The Illuminati Version of LinkedIn and why you can’t get in - vegasjets
https://medium.com/@maximetherault/the-illuminati-version-of-linkedin-and-why-you-cant-get-in-9785306da8ec#.ap19b7ljt
======
wildrhythms
This article seems fishy as fuck.

First, the author:

1\. The author has no other articles attributed to them on Medium.

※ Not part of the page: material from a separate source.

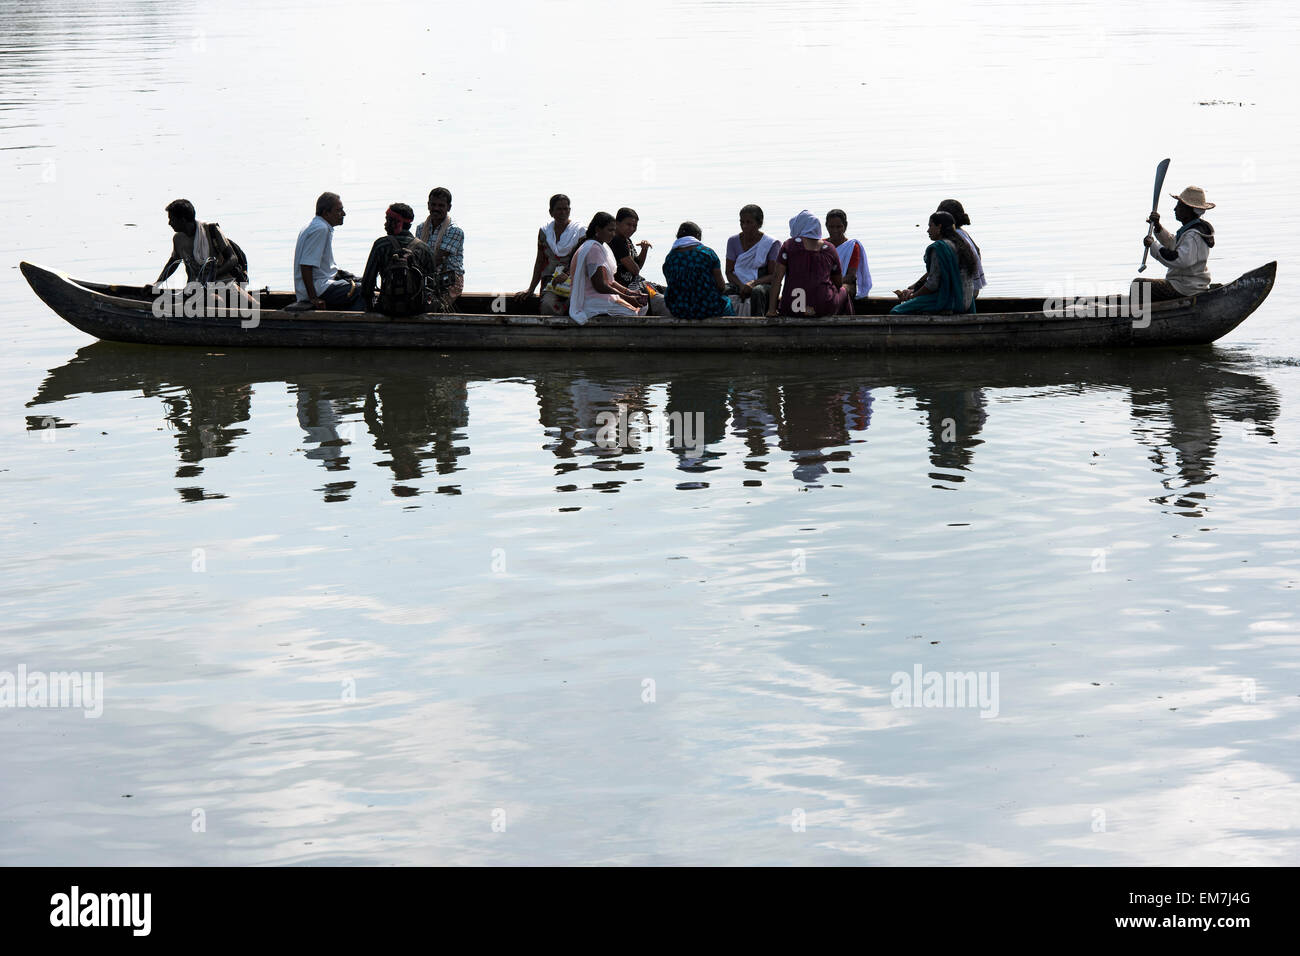 Small boat with passengers, Backwaters canal system in Alappuzha, Kerala, India Stock Photo
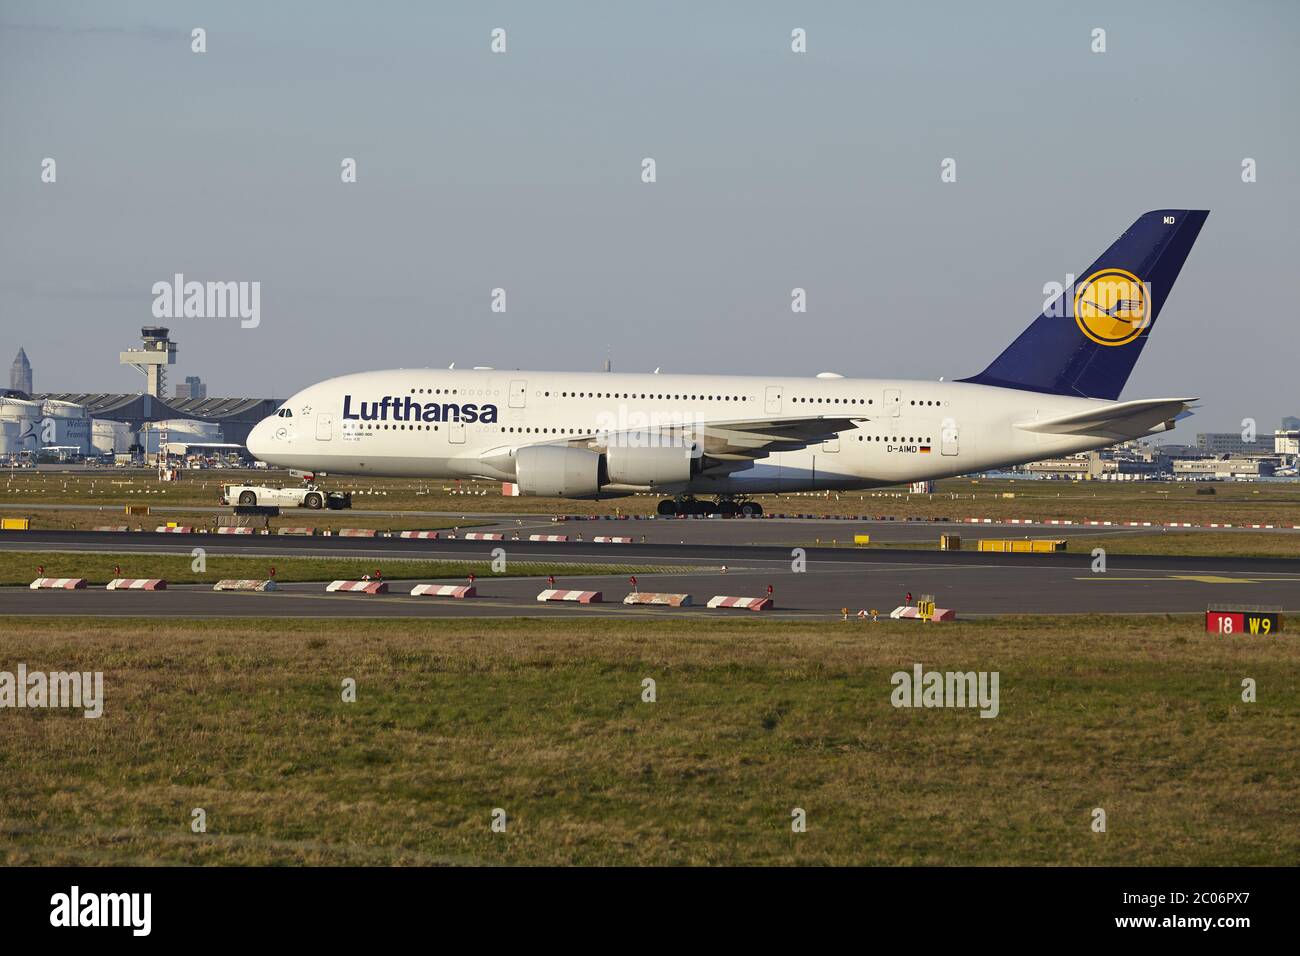 Frankfurt Airport - Launch of an Airbus A380-800 from Lufthansa Stock Photo

2\. I would think a 'Freelance Journalist' who can live in 'Paris, France'
might have some level of social networking buzz or name recognition across
other networks, but I couldn't find them on any major social networks.

Then, the actual site:

Forget all of the bullshit you see on the page and go straight to the dev
tools.

The Typeform URL is: [https://vegasjets.typeform.com/to/ZdIJg1?typeform-
embed=embe...](https://vegasjets.typeform.com/to/ZdIJg1?typeform-embed=embed-
fullpage)

I thought "vegasjets" was interesting given that the author mentions Las Vegas
and private jets in the article multiple times (which seems oddly specific
given the gravitas they place earlier on exposing this exclusive underground
app).

Let's also recognize the user who submitted this link:

vegasjets

A LinkedIn search returns "Vegas Jets, Computer Software, 1-10 employees" with
the following description, "One Tap books you a Luxury Private Jet.
Instantaneous. No waiting. Price Guaranteed. Simple One Tap search, booking
and payment via our app." Sure seems like what the author advertises this app
to include...

Remember the sparkling reference to Berkshire Hathaway? Yep, that's some
bullshit:

Visit the Vegas Jets homepage and we see below the copyright text at the
bottom, "Vegas Jets does not own or operate the aircraft on which customers
fly. Vegas Jets is not a direct or indirect air carrier. Currently, all Vegas
Jets-arranged flights are operated by Executive Jet Management Inc. (Part 135
Air Carrier Certificate# CWQA061D), a subsidiary of Netjets Inc., a Berkshire
Hathaway Company."

Now, Executive Jet Management Inc. is legit and registered with the FAA. Vegas
Jets seems to be just a middleman. In fact, there are multiple apps that do
exactly this: a Google search on "CWQA061D" returns other sites exactly like
this one (charterpad.com, jetrequest.com, charterbroker.aero, etc.) all with
the same disclosure.

Finally, the people:

Who is the CEO of Vegas Jets? Thomas Schneider (as reported on LinkedIn).
Investor in Vegas Jets as well as a very interesting 'Crowdfunded Silicon
Valley Venture Fund' called KXTER
([http://kxter.com/members/](http://kxter.com/members/)) which sure seems a
hell of a lot like what Stratos claims to be.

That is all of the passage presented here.